Oops. I forgot.

See? That’s why not writing on the weekends in dangerous. I totally forgot until now, 9:30 pm, that I have to write something in here today. Instead I’m watching Australian Open and scratching my head and eating ice cream with chocolate sauce.

This weekend was Ayla’s second birthday party. It was, in all respects, awesome. She knew exactly what was up, and could give you all the right answers to questions you might pose. “What’s today?” “My birt-dayaayyy!” “How old are you today?” “Chooo!”

Lately I’ve been asking Ayla questions about her early life, working under the theory that she’s old enough to understand what I’m asking, and still baby enough to (maybe) remember things from before she could speak. So I say “Ayla, remember when you didn’t know how to walk? Remember when you were inside mommy’s belly?” For these questions she  has no answer, except to say “Yah” where “Yah” means, yes, I understand that you are asking something.

It’s sad for me that she’ll forget even these sorts of things (her second birthday, everything that’s happening right now). When I think about my second birthday I can’t think of anything; I consider that I was still a baby then. But the truth is a two-year old is quite a little person, with a sense of humor and stubbornness and big complicated memories. Ayla, for example, knows that after her birthday we’re going to Mexico (true; in March), and after that is Hanukkah (true, also, technically, but many months later). She remembers things from three, four, and five months ago. She can sort markers into piles (washable, permanent) based on their coloring.

So forgetting your early childhood is a weird form of amnesia that we don’t really talk about much. You were a real person then. You thought things, wanted things, remembered things, had conversations. And yet it all disappears as our frontal lobes expand drastically throughout childhood. Imagine if you just happened to not be able to remember, say, years 14-16. That would be unusual. People would suggest you visit a doctor. But having no memory of all the things that happened in the very first (and, arguably, most important) years of your life is just unremarkable. Strange.

Ayla’s birthday party began with an amazing 2-year wrap-up video that Alicia put together. Ayla spent the whole time making little comments, and generally cracking herself up. After that she (obligingly) devoured a slice of moon-themed cake that I made for her. It was, in no uncertain terms, not very good. The afternoon ended with presents. A chaotic, unstructured, prolonged orgy of presents. Ayla truly didn’t know what to do with herself, shifting back and forth from opening new presents to playing with recently opened ones to just walking out of the room to do something else. I found the whole thing traumatic, and made Alicia promise that next year we’d do a books-only birthday. Sucks for Ayla, I know, but I can’t take the excess.

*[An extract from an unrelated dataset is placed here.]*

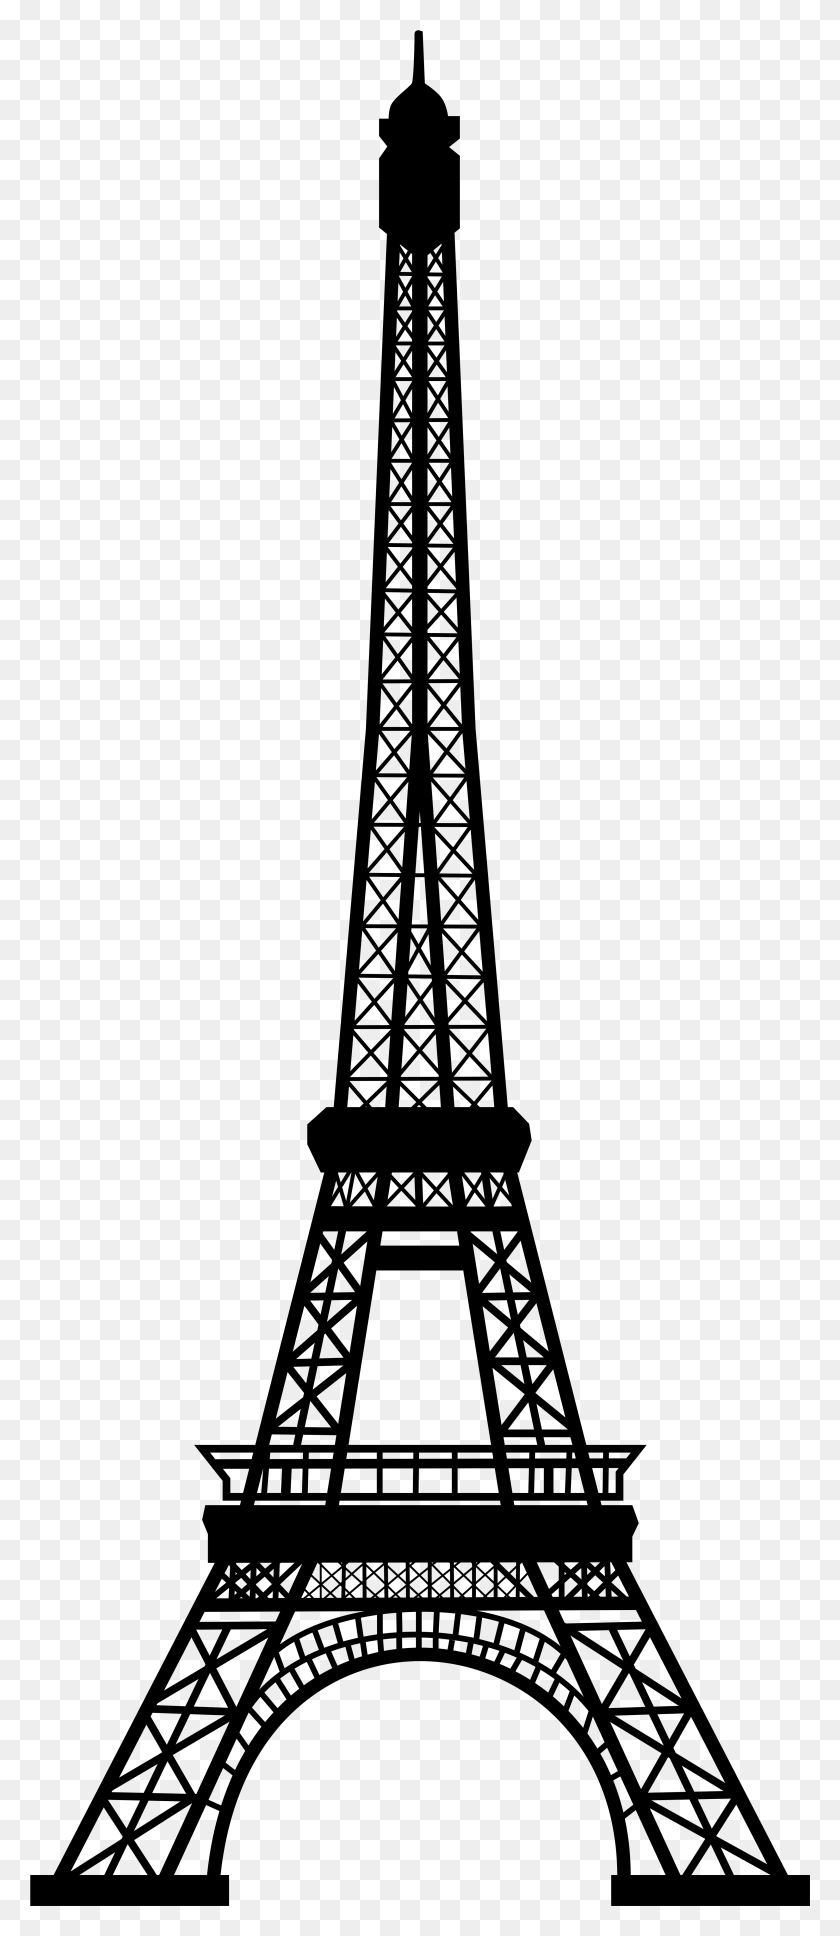 3246x7809 Transparent Eiffel Tower Silhouette Clip Art Image Eiffel Tower Clipart Transparent Background, Gray, World Of Warcraft HD PNG Download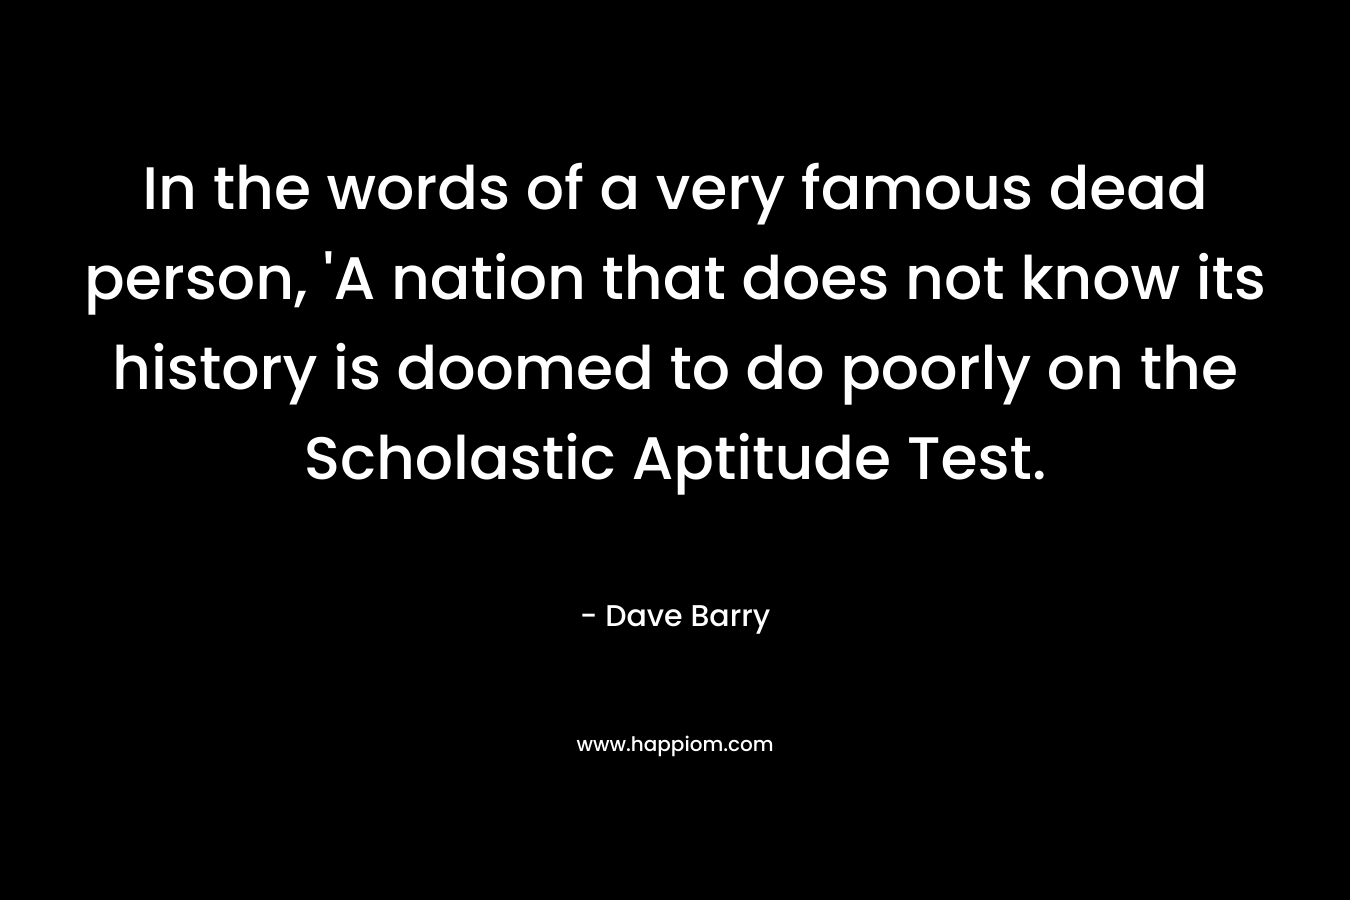 In the words of a very famous dead person, 'A nation that does not know its history is doomed to do poorly on the Scholastic Aptitude Test.

Anyway, the moral of the birthday story is that year two was about ten times better than year one for our family (I can say that with certainty for me and Alicia, and pretty confidently for Ayla). She’s the nicest, funniest, prettiest, smartest, and coolest person I have ever known. It’s trite, and she’ll never believe me, and she’ll just shrug it off when I tell her this when she’s thirteen, but I really am so grateful for every hour I get to spend with her. It’s like if I were really into basketball and every day I got to spend a few hours with Michael Jordan, and Michael Jordan liked me, and sometimes gave me hugs, unprompted, and thought I had a great jump shot.

She is that cool. And I am that lucky.